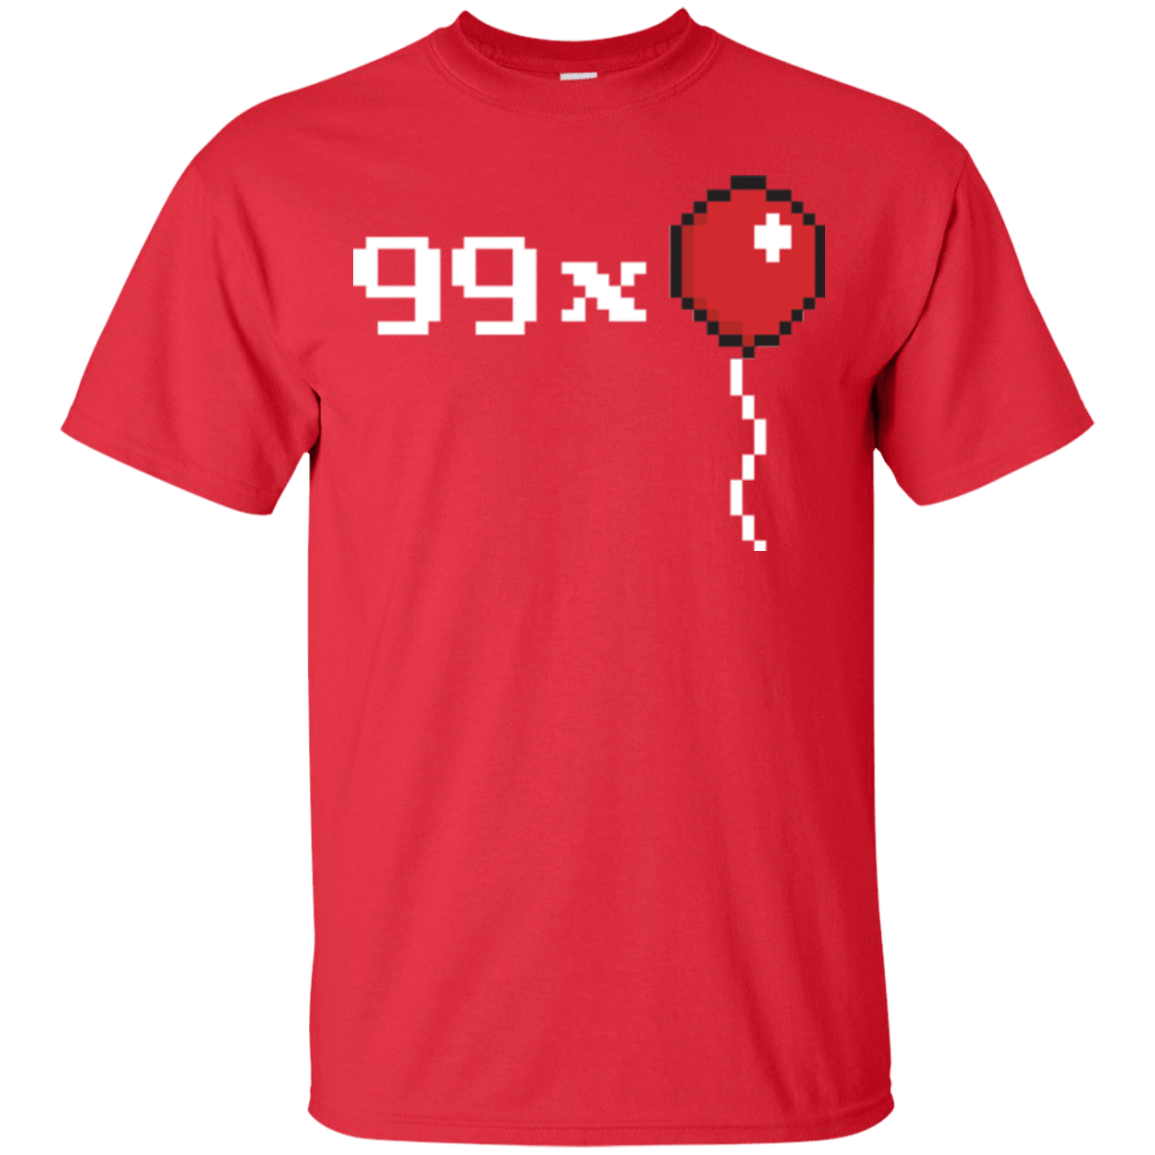 T-Shirts Red / Small 99x Balloon T-Shirt
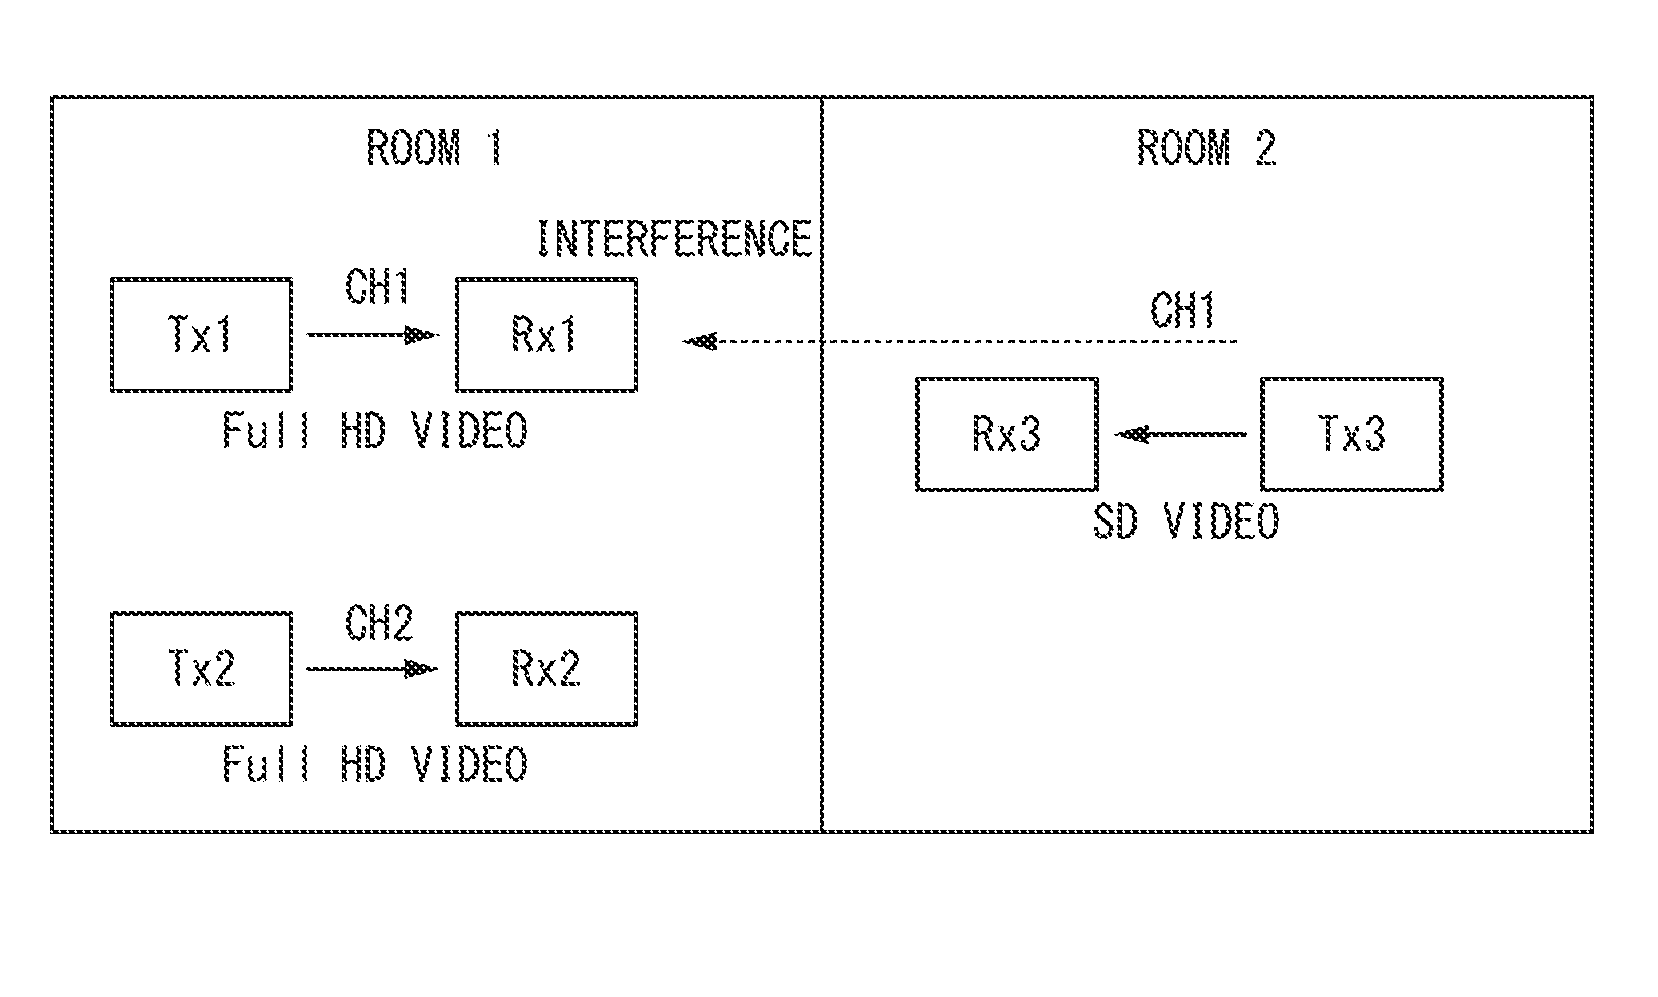 Video transmitter, video transmission method, and program device
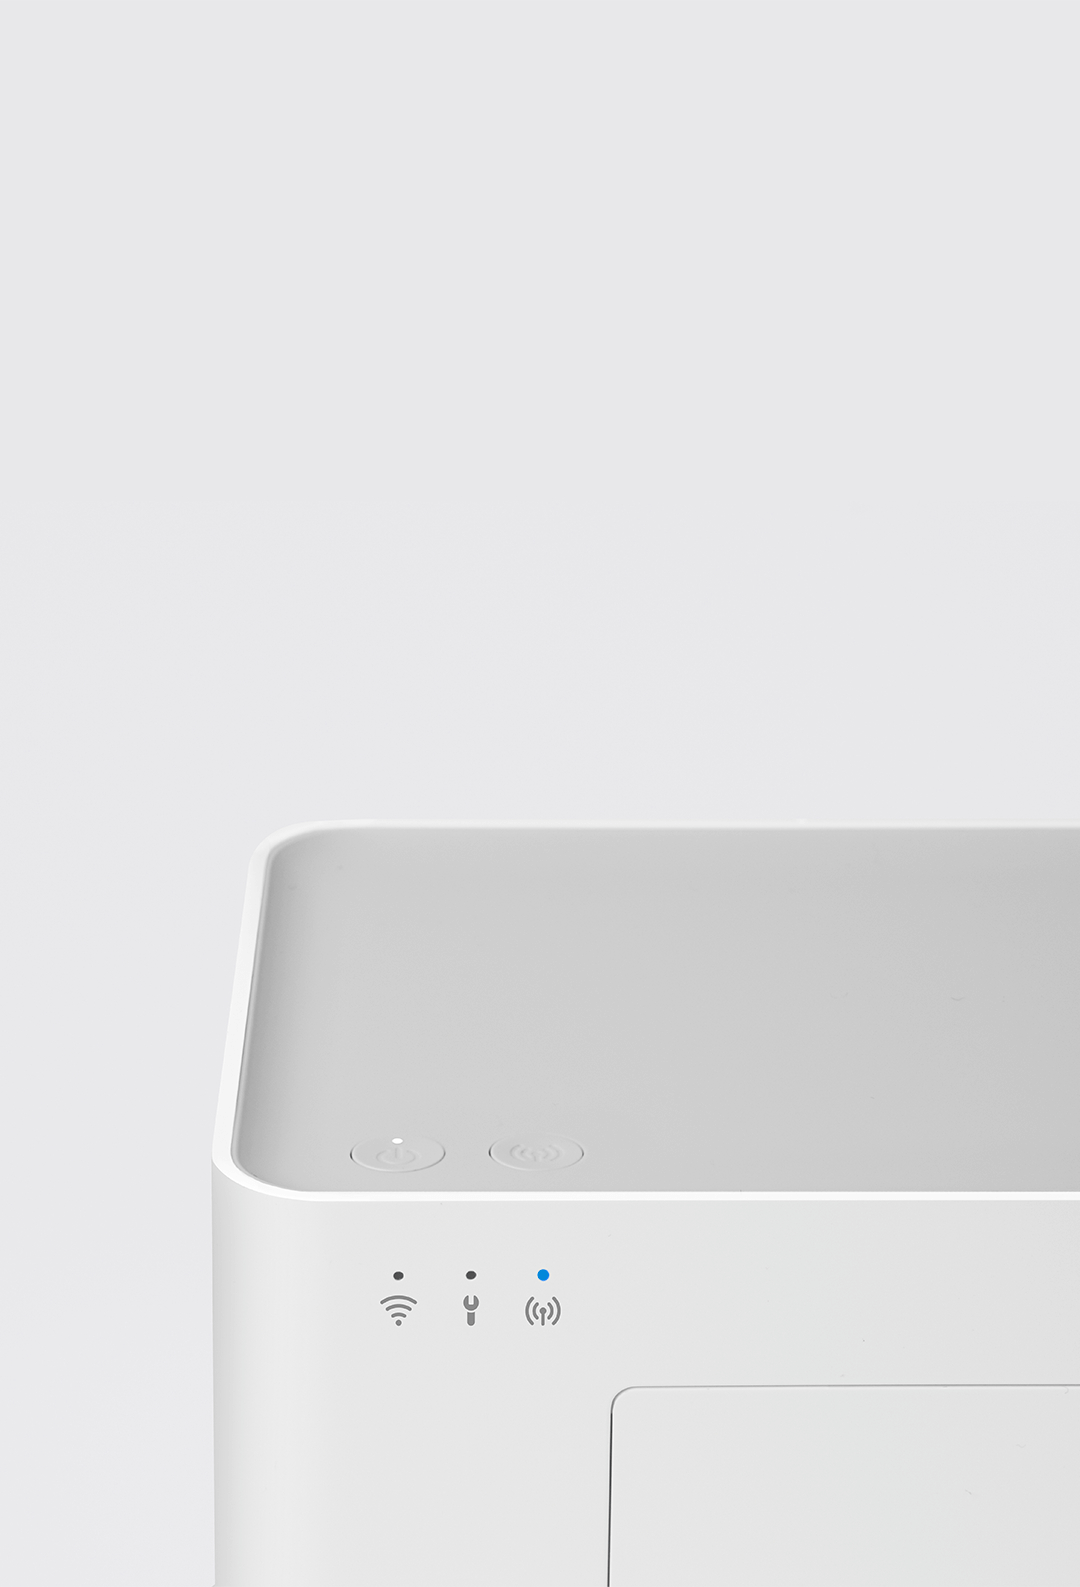 Instant Photographic Film Xiaomi Mi Portable Photo Printer
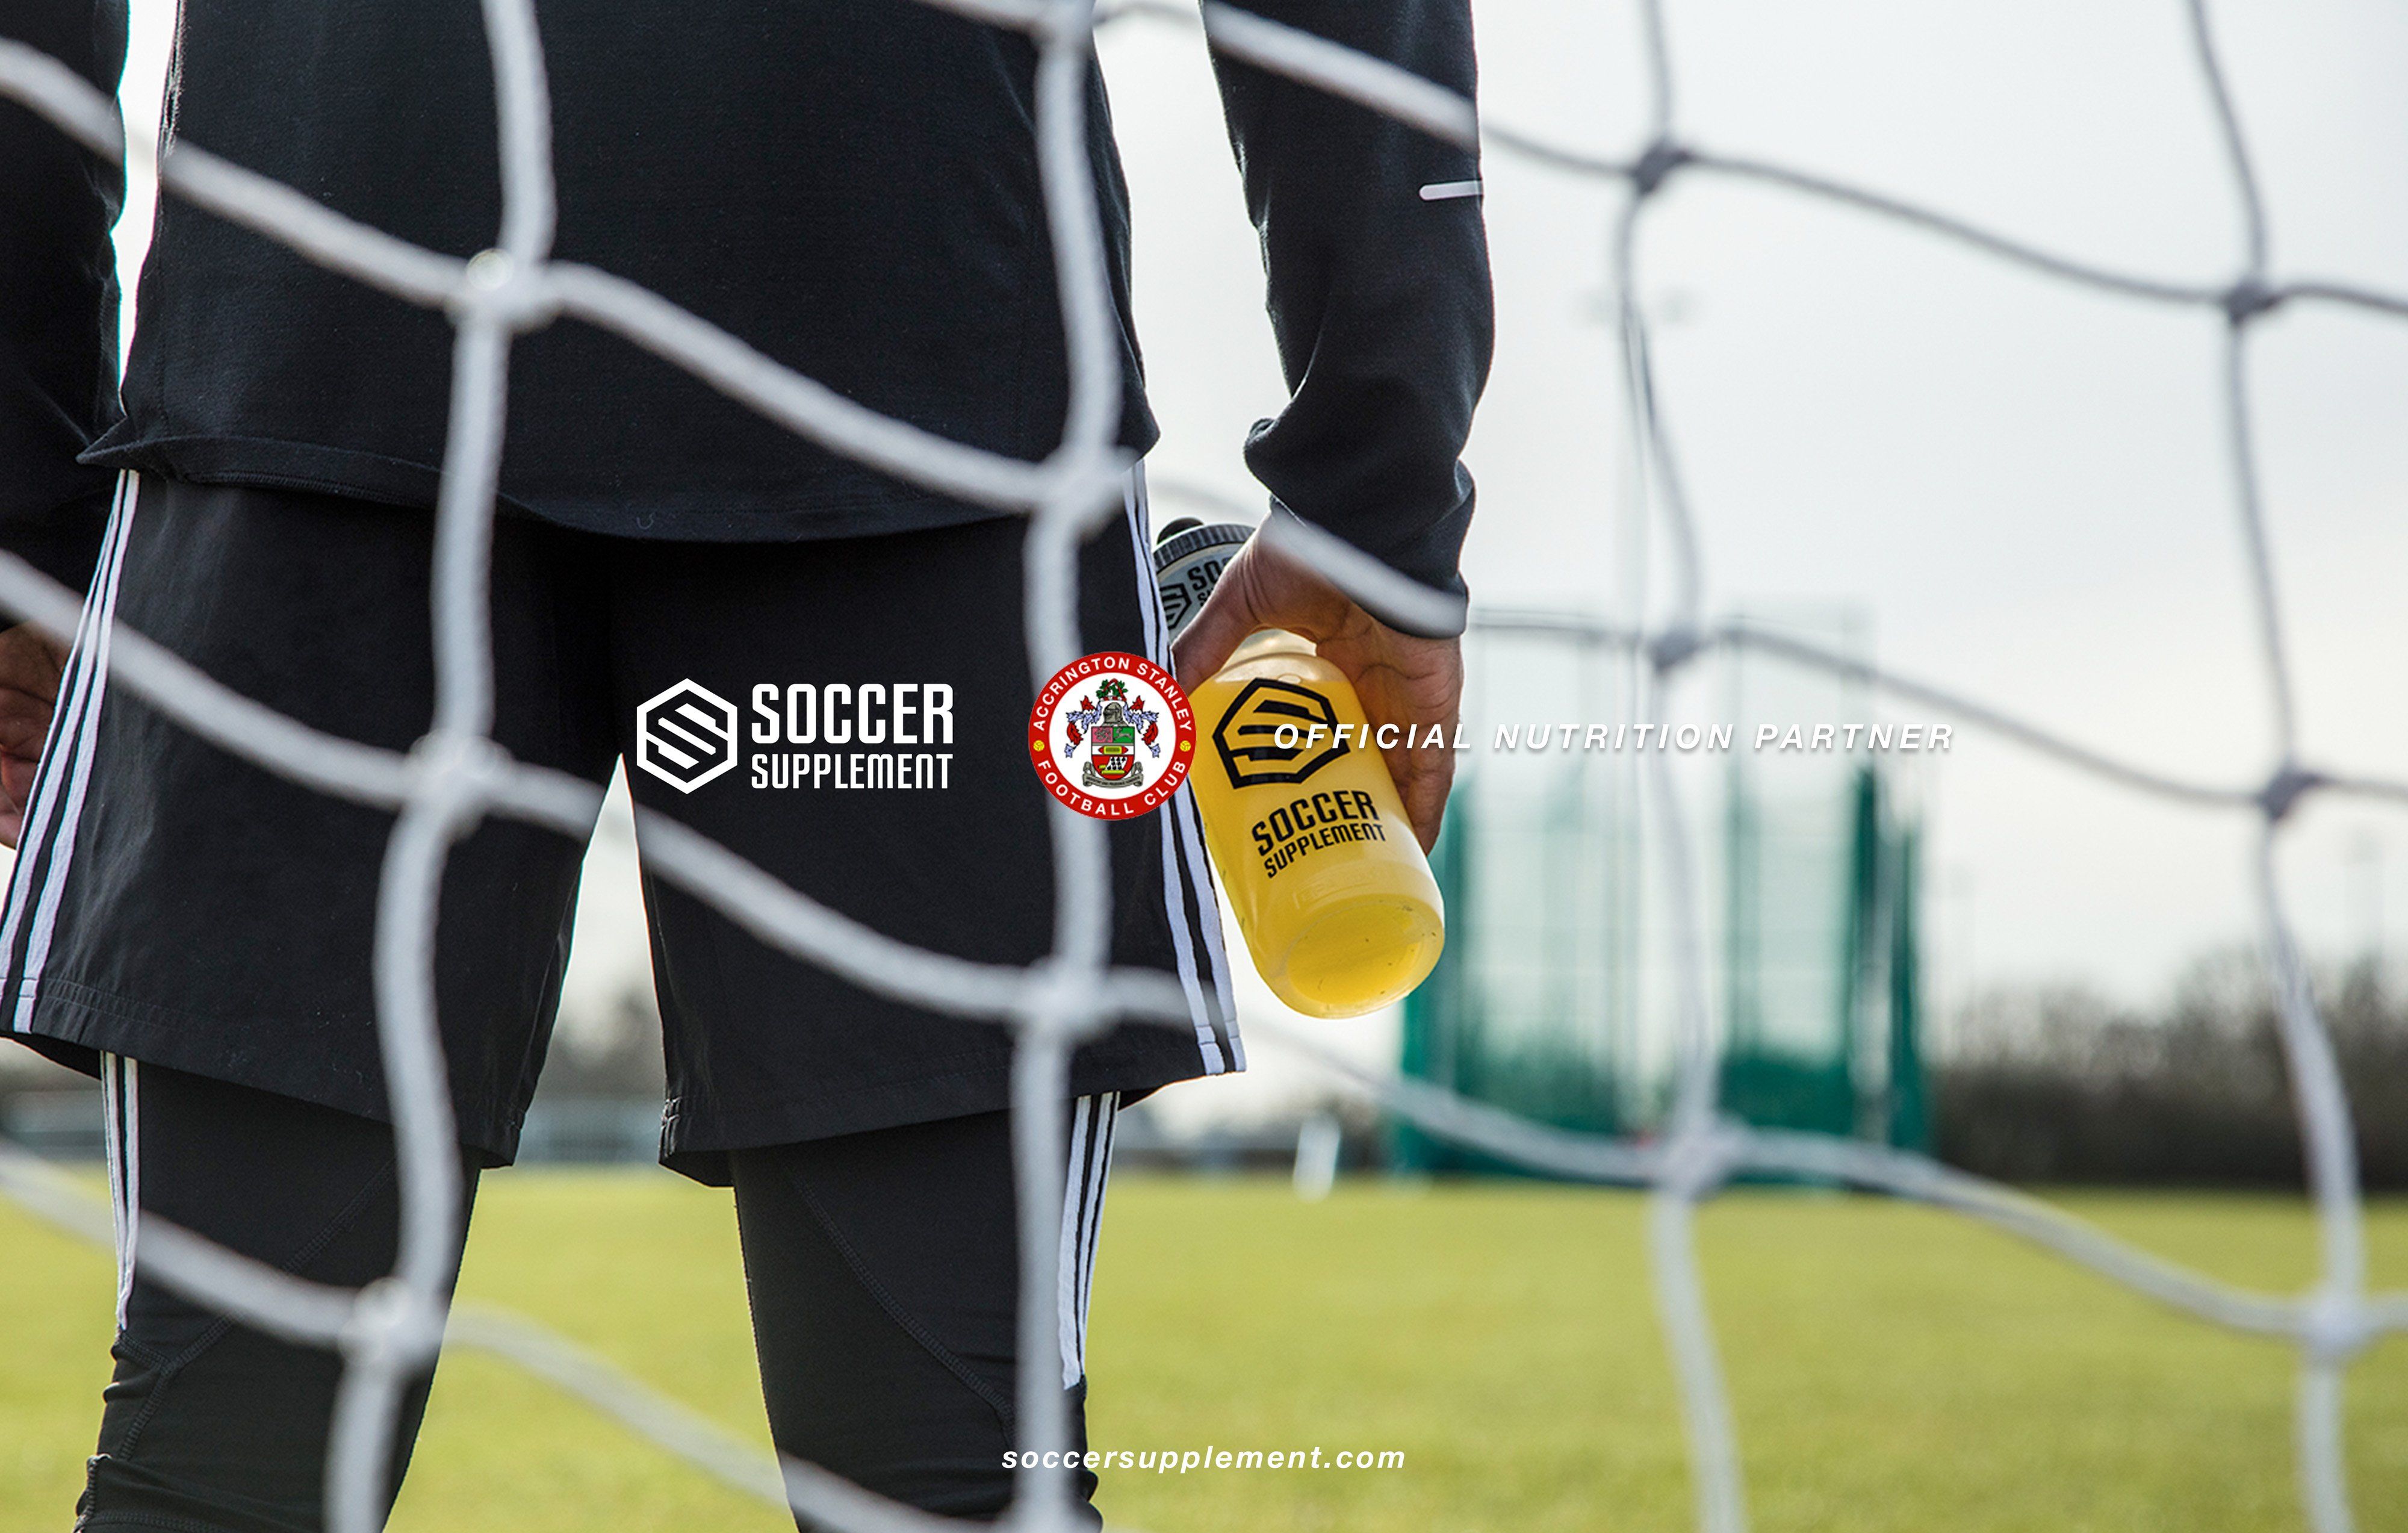 Soccer Supplement become Accrington Stanley’s’ nutrition partner
★ ★ ★ ★ ★ ★ ★
• _Action item_
Omit all pictures, and repeat exactly the lines from the line containing "Video transmitter, video" through the end of the data.

• _Your solution_
 Video transmitter, video transmission method, and program device
 Instant Photographic Film Xiaomi Mi Portable Photo Printer
 Soccer Supplement become Accrington Stanley’s’ nutrition partner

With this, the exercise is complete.